EXERCISE BRIEF:
Begin the copy at the line containing "cute_puppy-5312" and end it at the final line of the material below, reproducing each line exactly, without images.

DATASET SECTION:
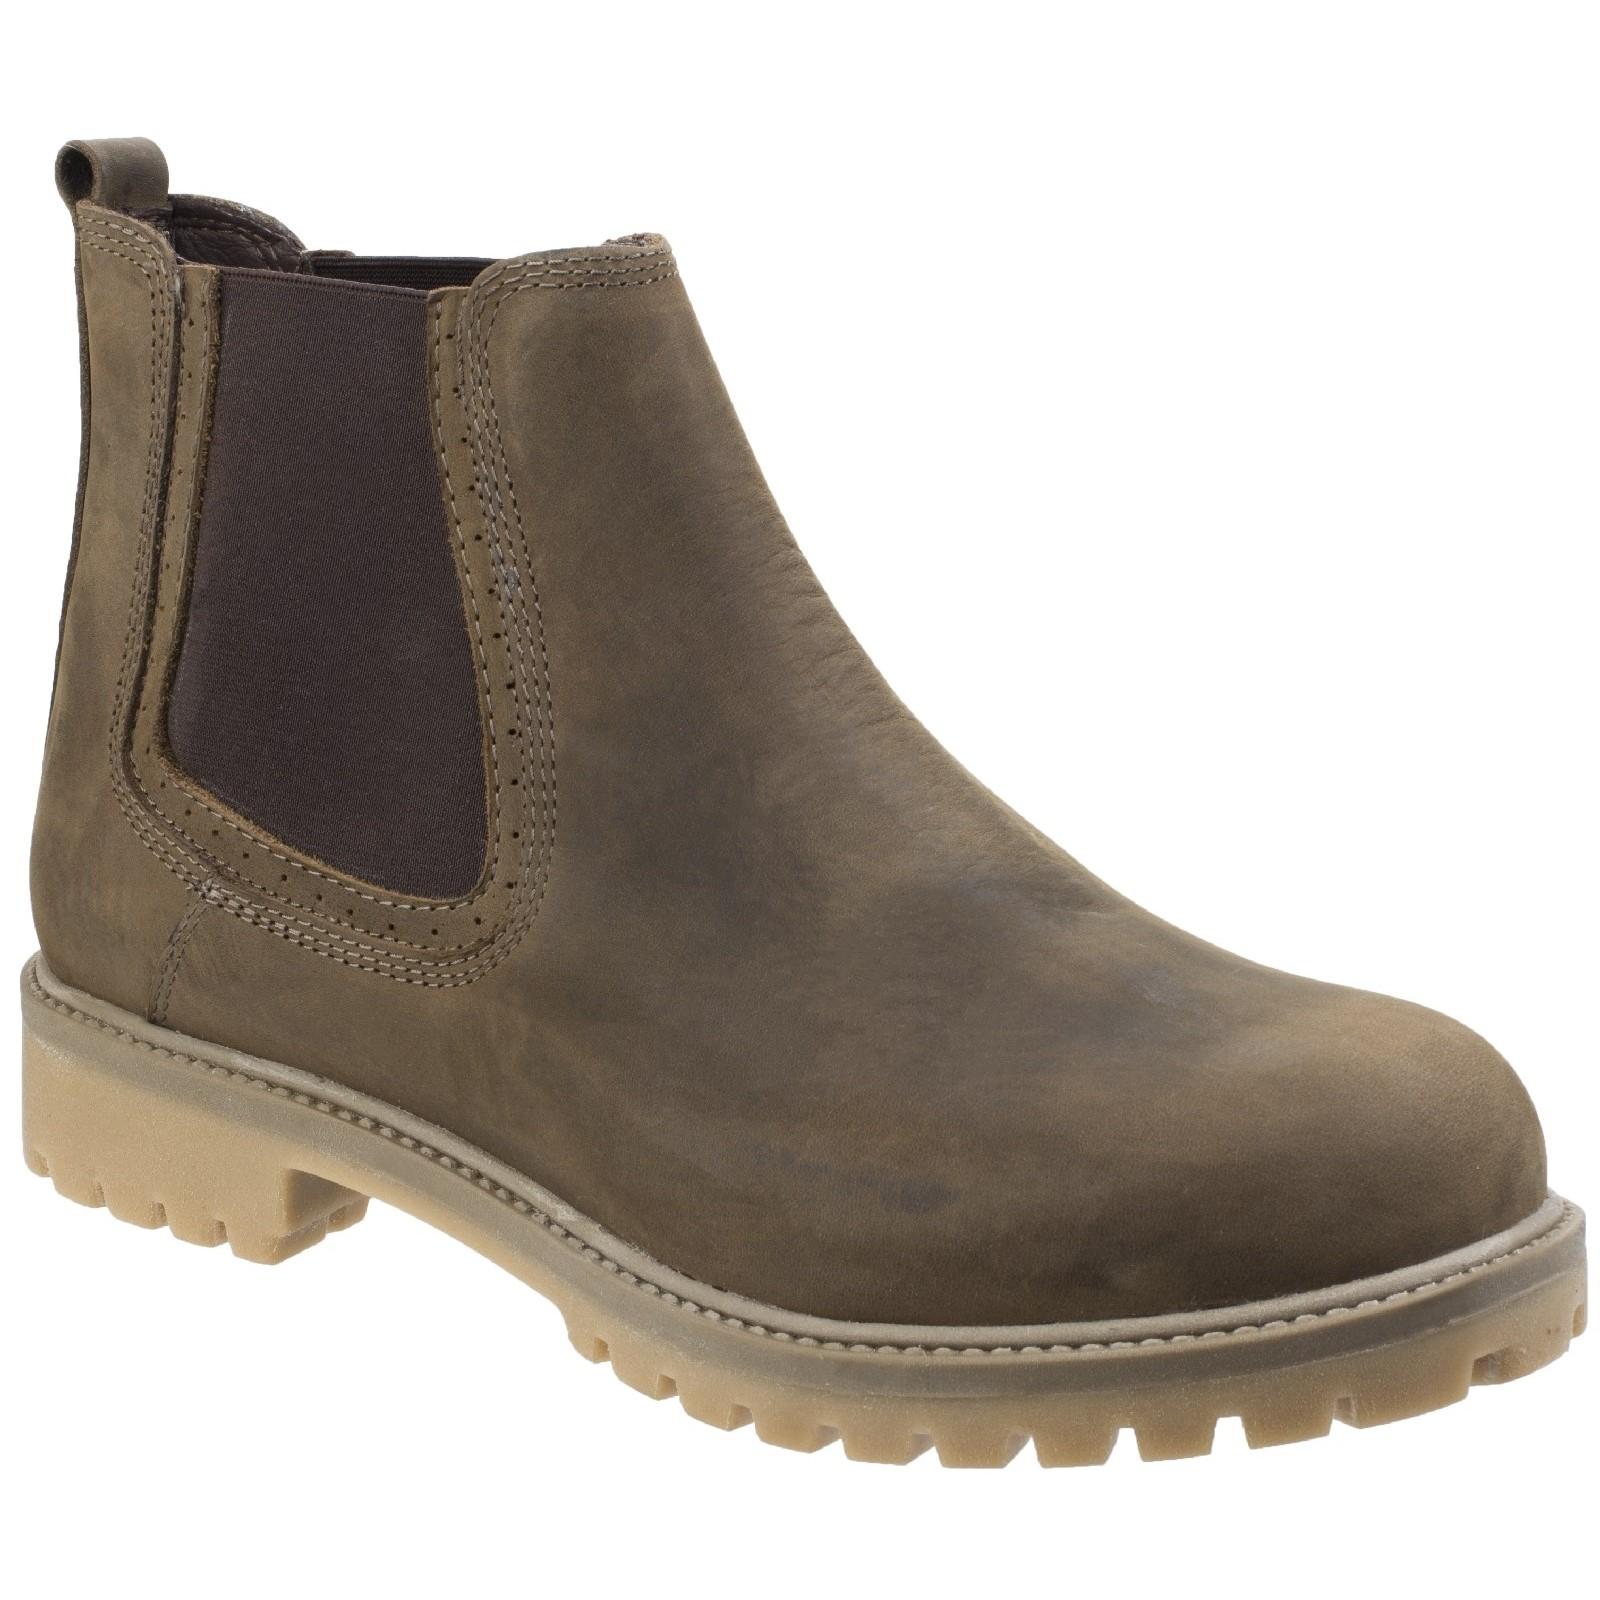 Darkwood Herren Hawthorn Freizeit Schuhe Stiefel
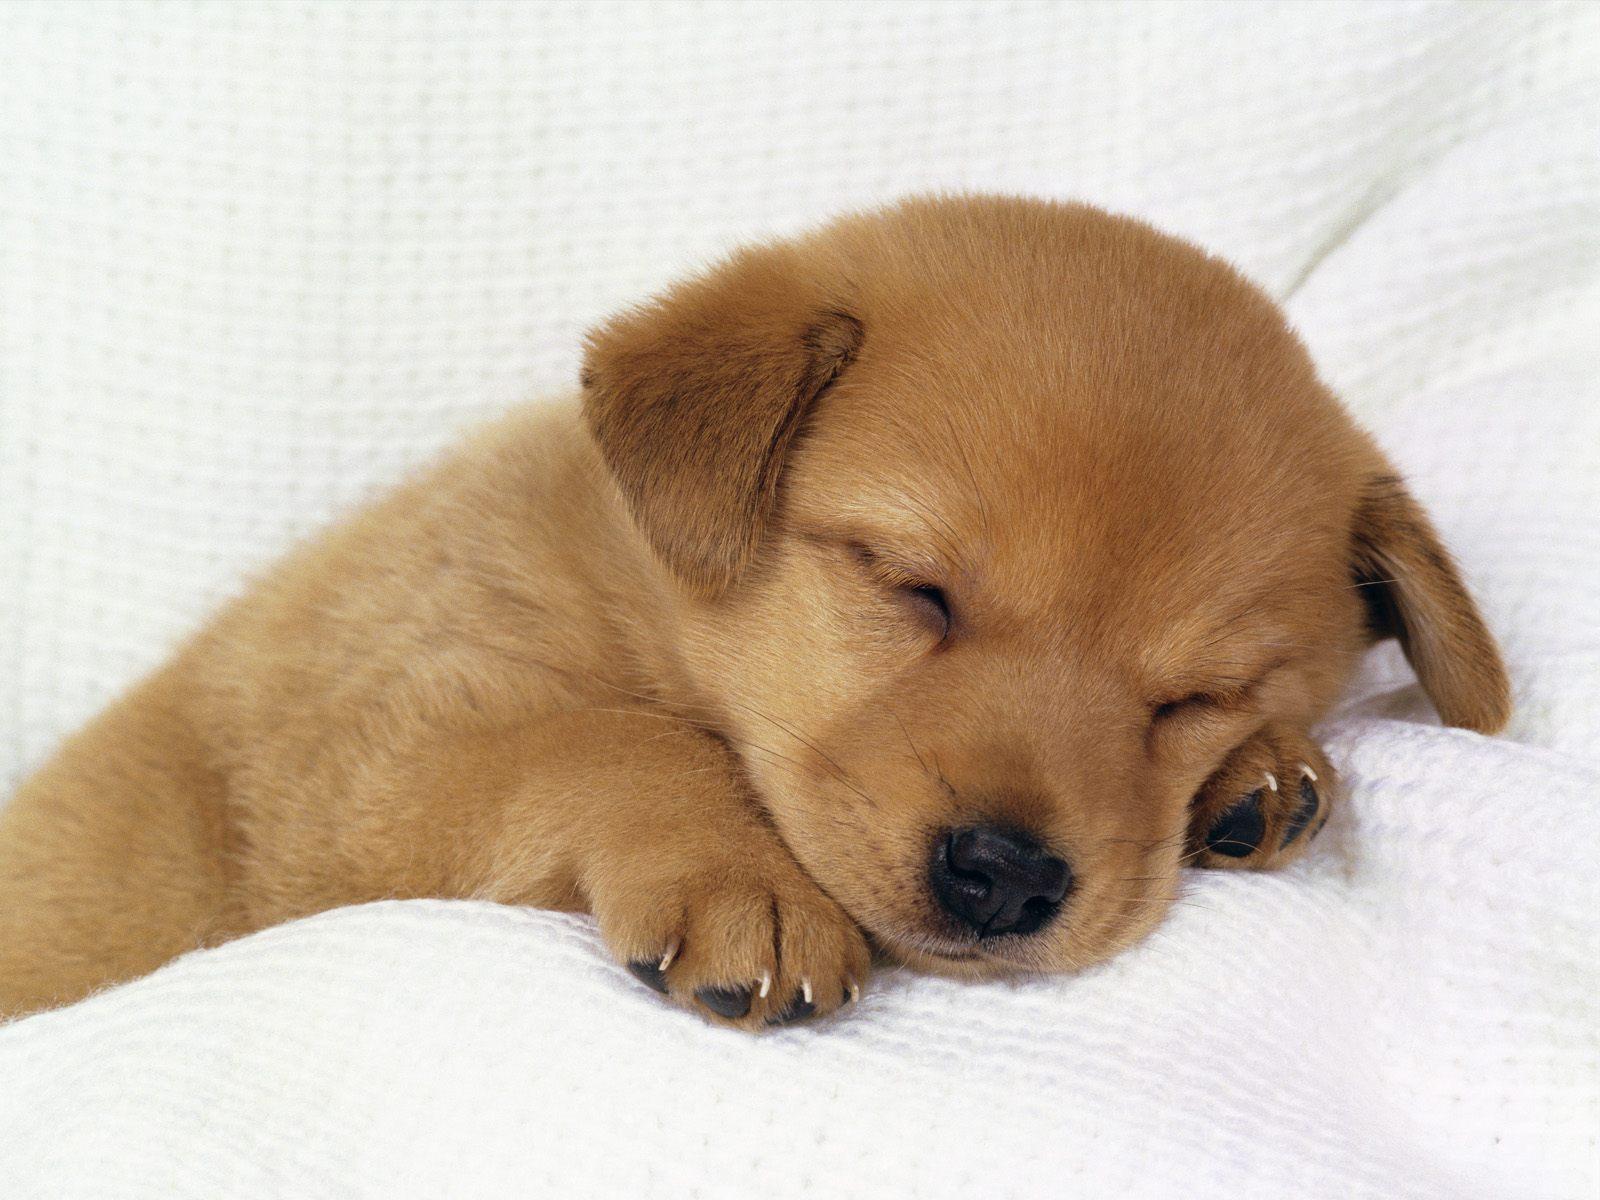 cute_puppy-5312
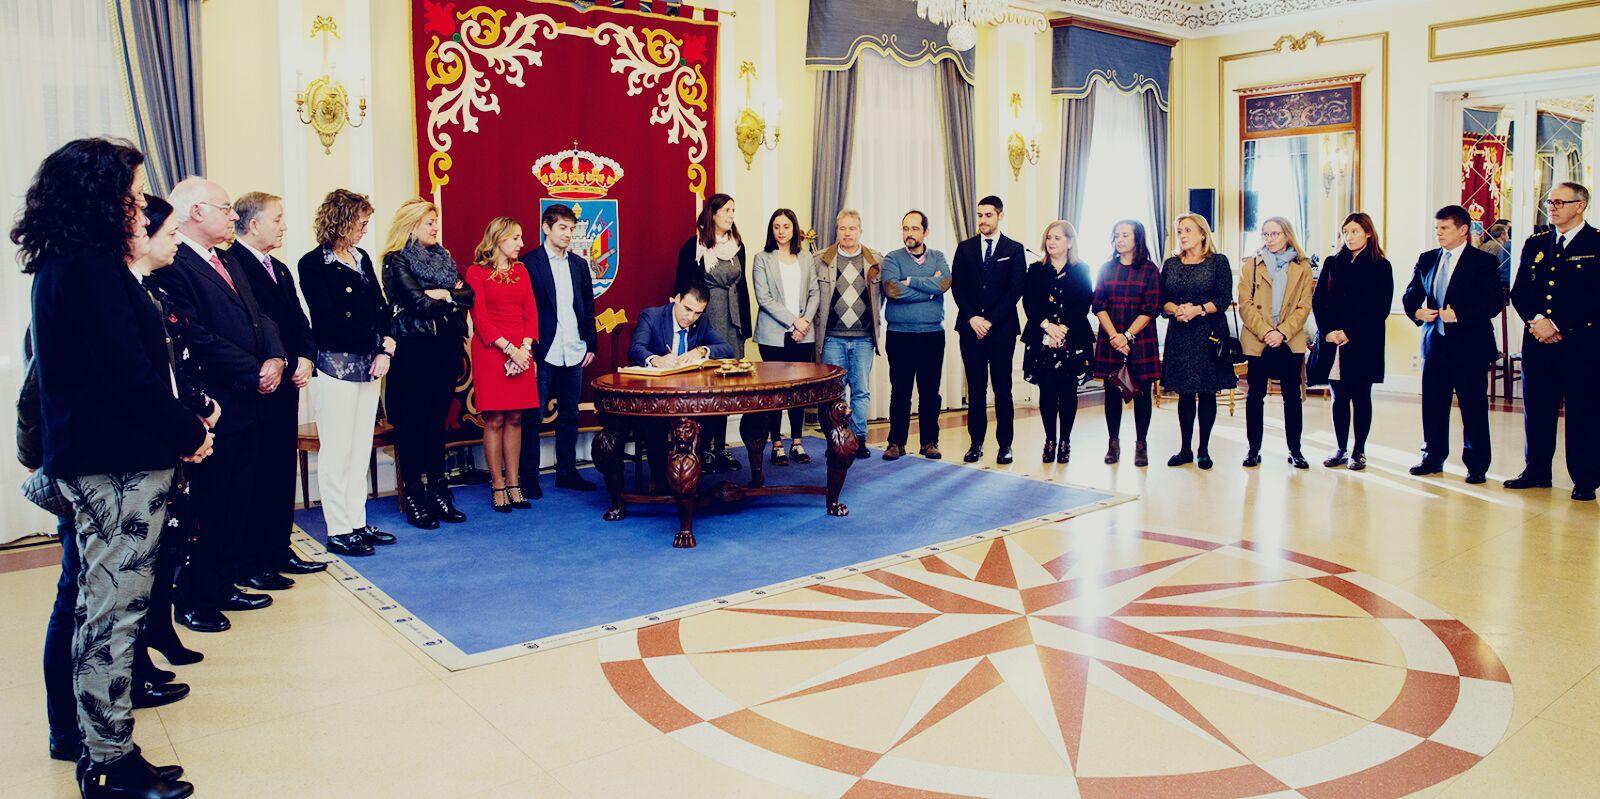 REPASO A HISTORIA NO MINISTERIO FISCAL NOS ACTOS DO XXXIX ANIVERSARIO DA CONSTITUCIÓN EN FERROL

WRITTEN RESPONSE:
 cute_puppy-5312
 REPASO A HISTORIA NO MINISTERIO FISCAL NOS ACTOS DO XXXIX ANIVERSARIO DA CONSTITUCIÓN EN FERROL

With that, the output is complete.